In general, an elementary function is any function that can be seen as an element of a field of elementary functions. That is, an extension field with finite new functions over $\mathbb{Q}(x)$ such that each extension is exponential, logarithmic or algebraic over it.
What we really proved is that $\int x^x dx$ can never be represented as a member of any field of elementary functions. Thus, it cannot be integrated in finite elementary symbols, which is why any answer to the integral requires infinitely many symbols, or a new notation. However, I obviously used some heavy results. If you want to see the proof of these results, I recommend researching differential algebra. There is a book by the name of "Algorithms for Computer Algebra" by Keith Geddes, which is very complete in regards to integration of trascendental elementary functions, and presents the proof in a very comprehensible level. Most of it is in chapters 11 and 12, but other important notions can be found in previous chapters.
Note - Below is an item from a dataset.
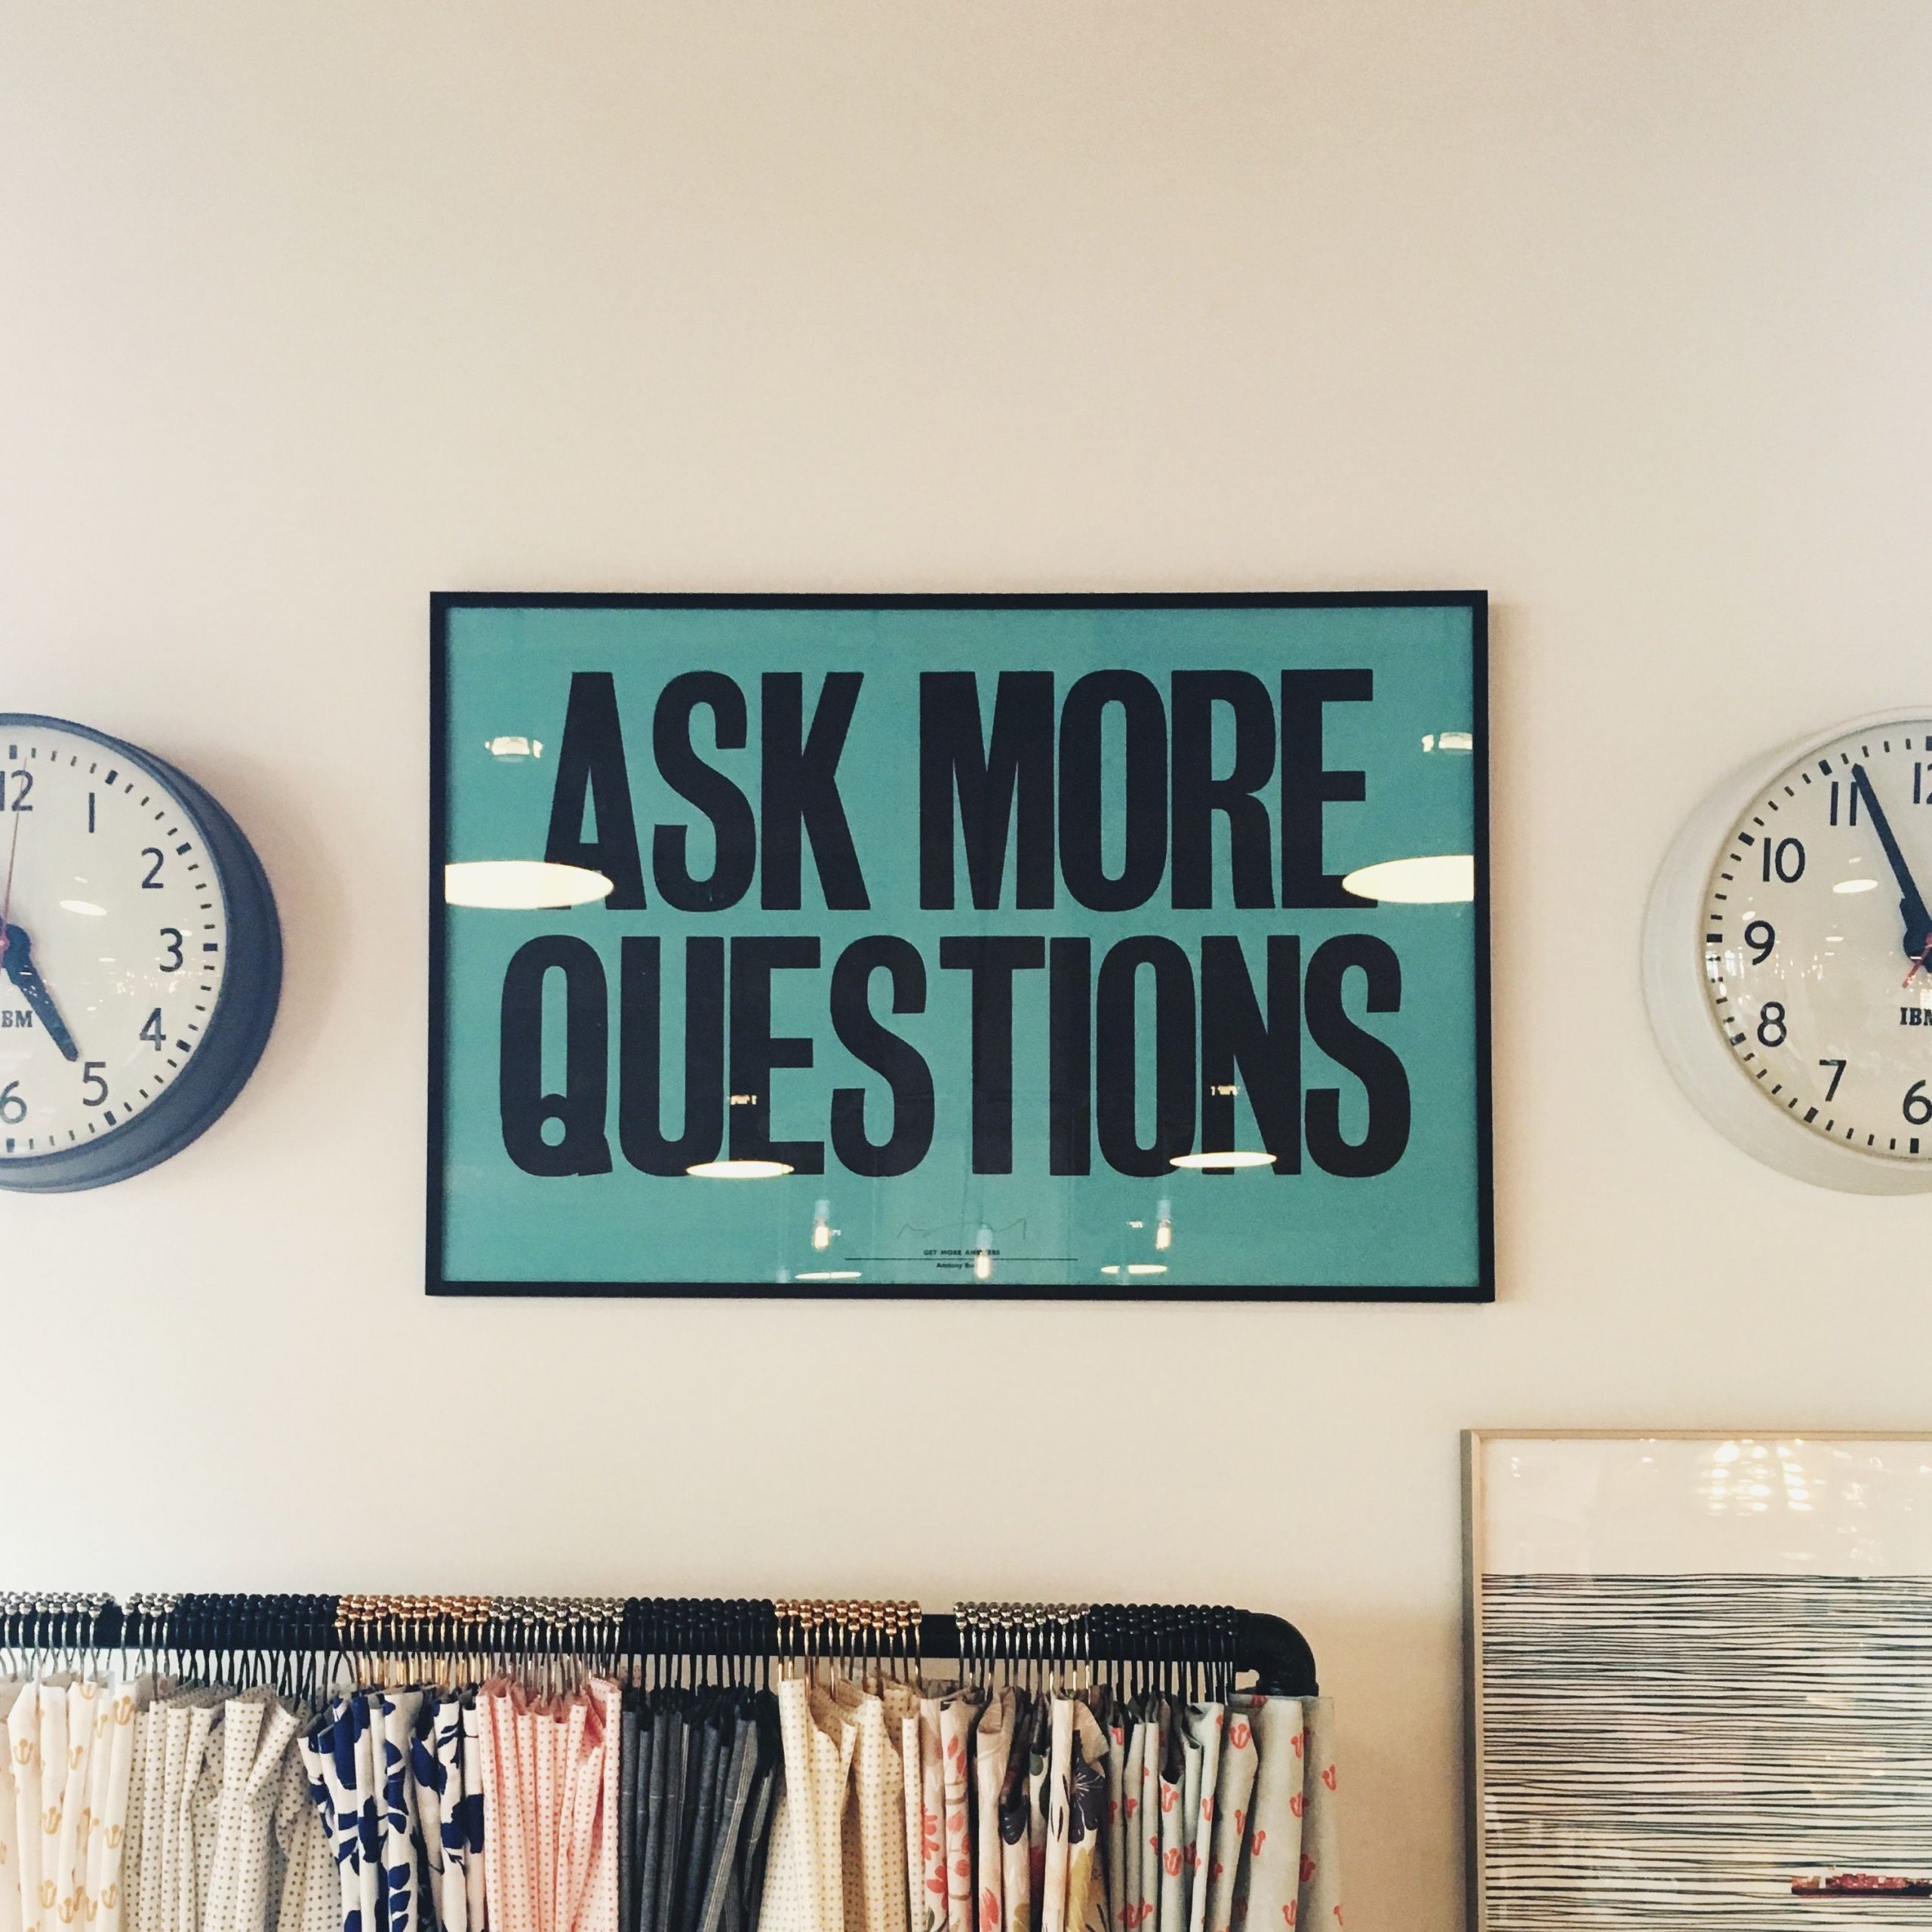 Ask more questions signage

Start from the opposite task.
If $\displaystyle \int x^x \, dx=F(x)$ then $\displaystyle F'(x)=x^x$
First we need to find asymptotic evaluation of the integral. Let us take it in the form
$$F(x)=x^xg(x)$$
So it has to be:
$$F'(x)=x^x((1+\ln(x))g(x)+g'(x))=x^x$$
From there it is sufficient to take $g(x) \sim \frac{1}{1+\ln(x)}$
So we can start our journey:
$$F(x)=x^x(\frac{1}{1+\ln(x)}+f(g(x)))$$
If you calculate the derivative of this you have
$$g'(x)f'(g(x))-\frac{1}{x(\ln(x)+1)^2}+(\ln(x)+1)f(g(x))=0$$
For the purpose of cancellation if it best to take
$$g'(x)=\ln(x)+1$$
meaning
$$g(x)=x\ln(x)$$
Now we continue using the steps that are revealing the integral structure.
$$F(x)=x^x(\frac{1}{\ln(x)+1}+f(x\ln(x)))$$
Take derivative once more and you have got $$f(x\ln(x))=\frac{1}{x(1+\ln(x))^3}-f'(x\ln(x))$$ or $$F(x)=x^x(\frac{1}{\ln(x)+1}+\frac{1}{x(\ln(x)+1)^3}-f'(x\ln(x)))$$
We can then write:
$$F(x)=x^x(\frac{1}{\ln(x)+1}+\sum_{n=1}^{\infty}f_n(x))$$
where
$$\displaystyle f_{n}=-\frac{f_{n-1}'}{1+\ln(x)},\,f_0=\frac{1}{1+\ln(x)}$$
From $x=0$ to $1$ you can use probably more suitably $F(x)=xg(\ln(x))$
The derivation is similar to the one given above.